THE RECORDS: Begin

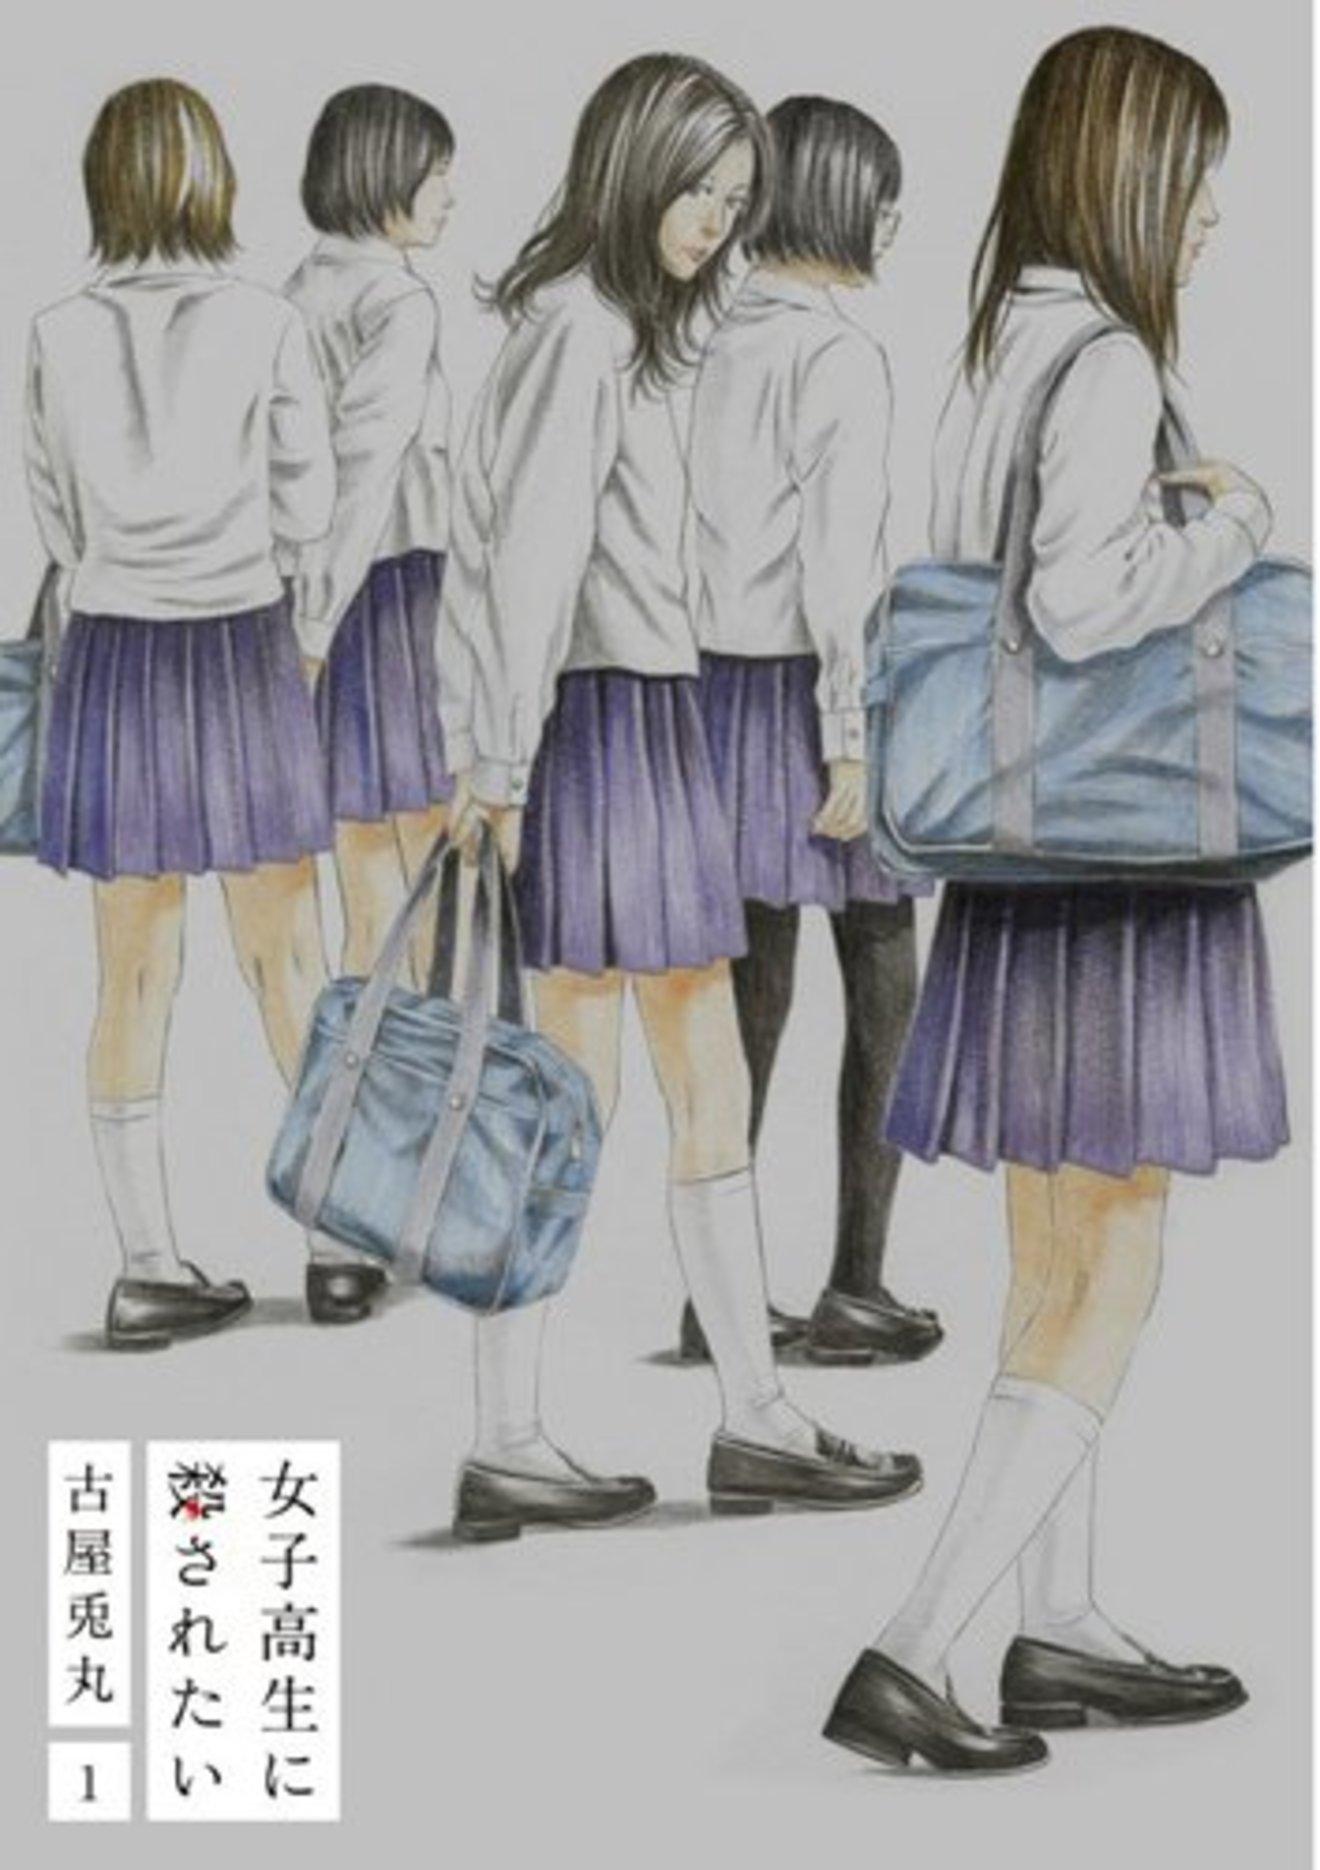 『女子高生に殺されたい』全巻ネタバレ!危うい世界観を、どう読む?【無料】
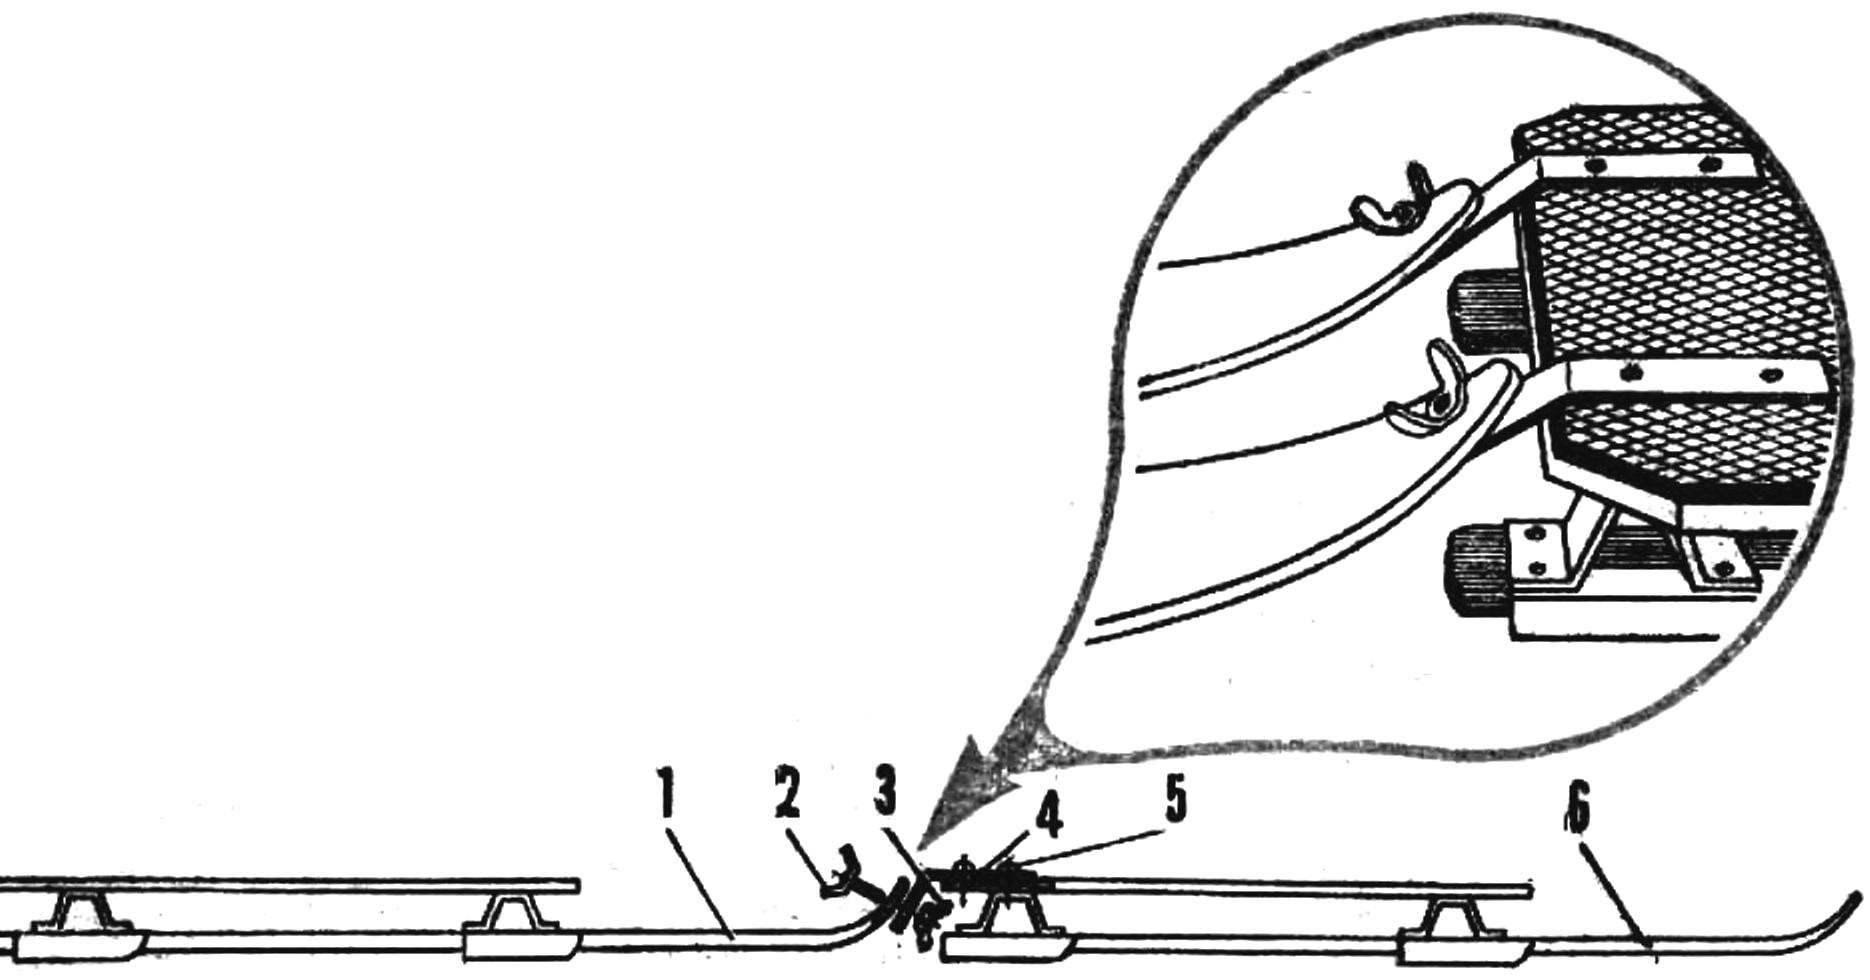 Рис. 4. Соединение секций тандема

THE RECORDS: End
THE RECORDS: Begin

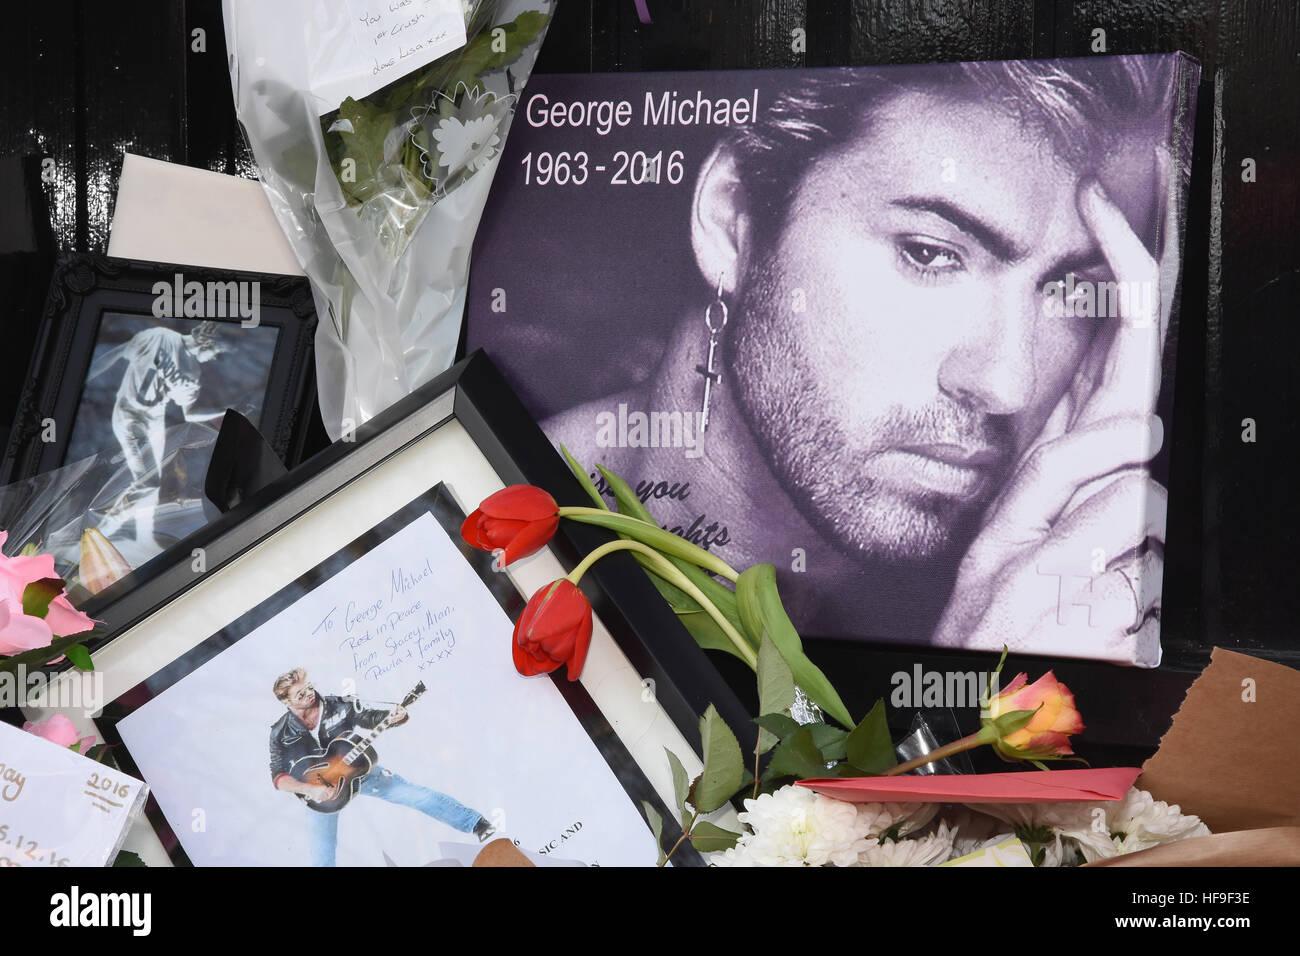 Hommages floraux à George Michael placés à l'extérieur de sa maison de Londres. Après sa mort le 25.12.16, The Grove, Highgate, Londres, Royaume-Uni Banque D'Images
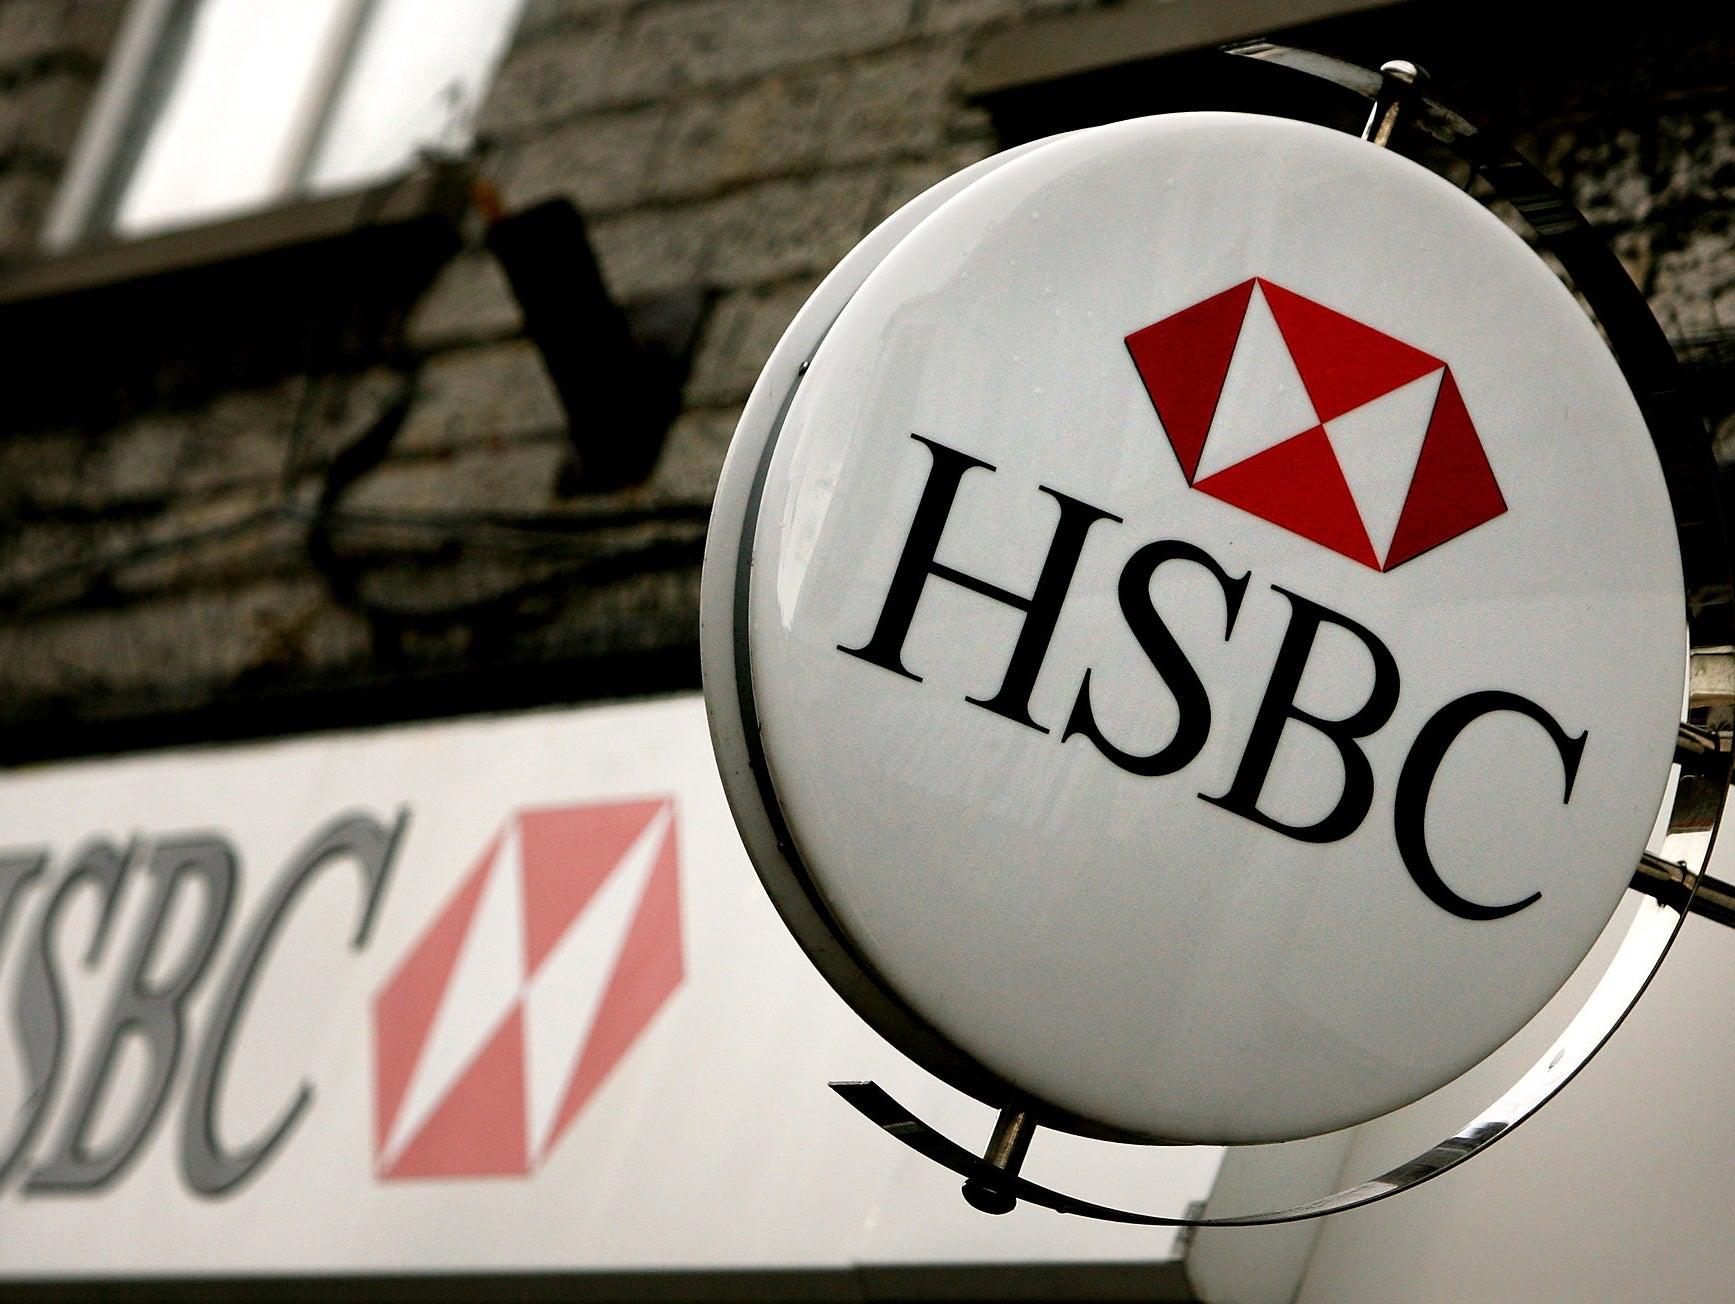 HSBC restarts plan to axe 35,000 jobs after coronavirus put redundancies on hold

THE RECORDS: End

# TASK DESCRIPTION
Starting with the line above that holds "Hommages floraux à", restate each line word for word up to and including the line that holds "HSBC restarts plan". Drop the pictures.

# ANSWER SECTION
 Hommages floraux à George Michael placés à l'extérieur de sa maison de Londres. Après sa mort le 25.12.16, The Grove, Highgate, Londres, Royaume-Uni Banque D'Images
 HSBC restarts plan to axe 35,000 jobs after coronavirus put redundancies on hold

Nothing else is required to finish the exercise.